The training and validation data have a shape of (40000, 3072) instead of being in the form of 32x32x3 matrices. The number 3072 stands for the calculation of $ 32 \times 32 \times 3$. Therefore, we'll reshape the data to have the correct format (40000, 32, 32, 3) that we need to create the model.

In [5]:
train_data = train_data.reshape(-1, 32, 32, 3)
valid_data = valid_data.reshape(-1, 32, 32, 3)
print(train_data.shape)

(40000, 32, 32, 3)


### Model Experimentation

We need to vectorize the labels. In fact, `train_labels` contains an integer label for each image. Each label corresponds to one of the 100 classes in the CIFAR-100 dataset. For example, if train_labels[i] is 1, it means that the image at index i in the train_data array belongs to class 1 over the 100 classes.  
So, we will use the one-hot encoding method to embed each label as an all-zero vector with a 1 in the place of the label index with the `to_categorical` Keras function

In [6]:
from keras.utils import to_categorical
train_labels_encoding = to_categorical(train_labels, 100)
valid_labels_encoding = to_categorical(valid_labels, 100)

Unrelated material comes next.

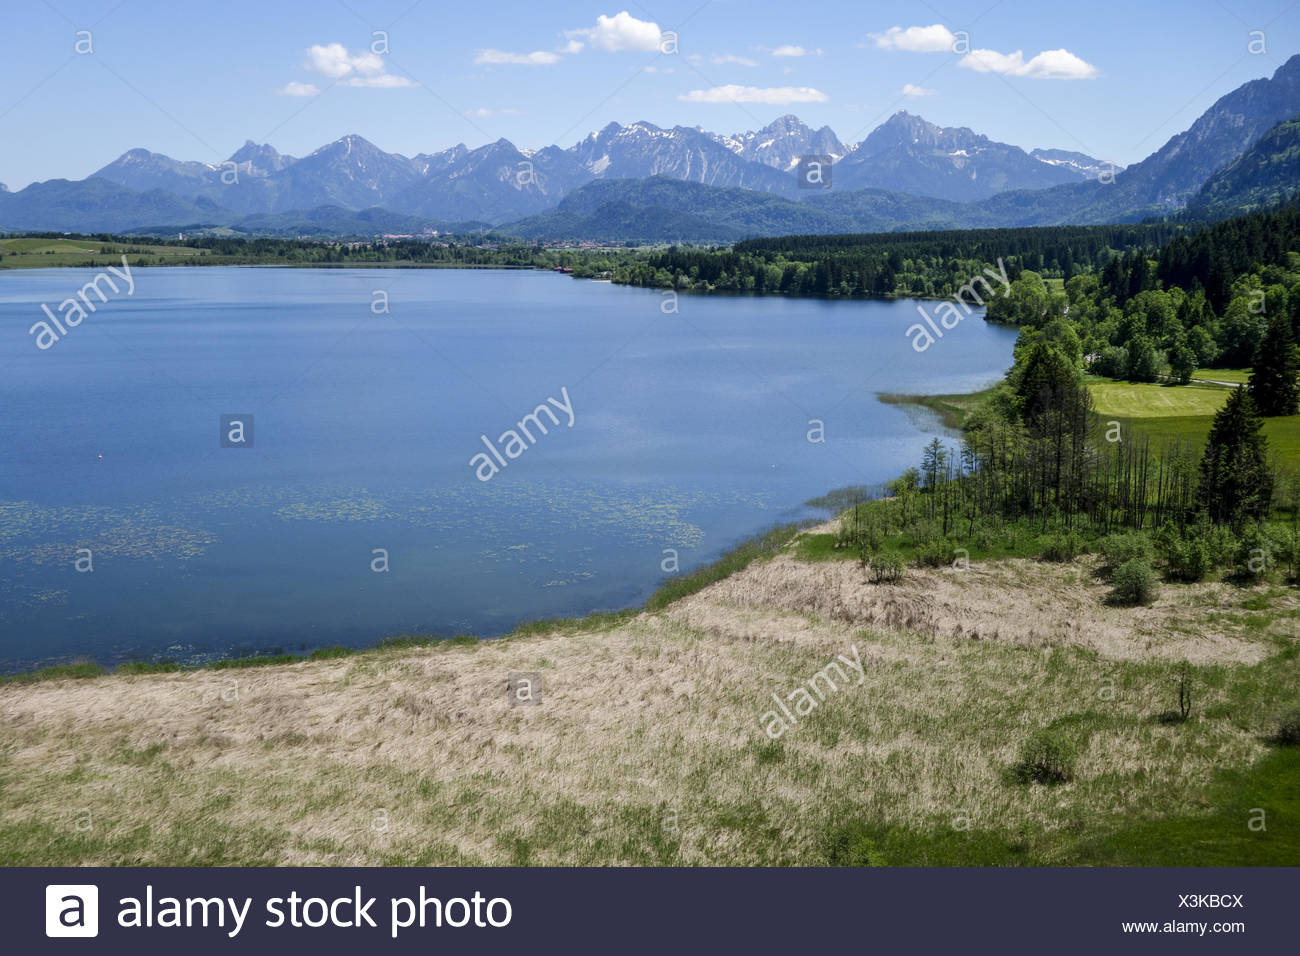 Blick auf den Bannwaldsee im Ostallgäu, Königswinkel, Tannheimer Alpen, Overlooking the Bannwaldsee in Ostallgaeu, Koenigswinkel - Stock Image

For a Deep Neural Network, we should normalize the image pixel data. To do so, we will divide the image pixel values by 255 to scale them to a range from 0 to 1.  
That way, we will obtain small numbers (instead of a high numeric value) and the computation will become easier and faster.
*<span style="float:right">[Source page](https://medium.com/analytics-vidhya/a-tip-a-day-python-tip-8-why-should-we-normalize-image-pixel-values-or-divide-by-255-4608ac5cd26a#:~:text=When%20using%20the%20image%20as,computation%20becomes%20easier%20and%20faster.)</span>*

In [7]:
# Normalize training dta
train_data_normalized = train_data / 255.0

# Normalize validation data
valid_data_normalized = valid_data / 255.0

In [8]:
#Do the same for the test data
test_data = testEntire_dataset[b'data']
test_data = test_data.reshape(-1, 32, 32, 3)
test_labels = testEntire_dataset[b'fine_labels']
test_labels_encoding = to_categorical(test_labels, 100)
testEntire_normalized = test_data / 255.0

For **image classification** of CIFAR-100, we will use a Convolutional Neural Network. We will experiment CNN models with different architectures, hyperparameters, to find 3 models that work best for the problem.  
The last layer uses a **softmax** function activation. In that case, the network will output a probability distribution over the 100 different output classes. That is to say it will produce a 100-dimensional output vector, where output[i] is the probability that the sample belongs to class i.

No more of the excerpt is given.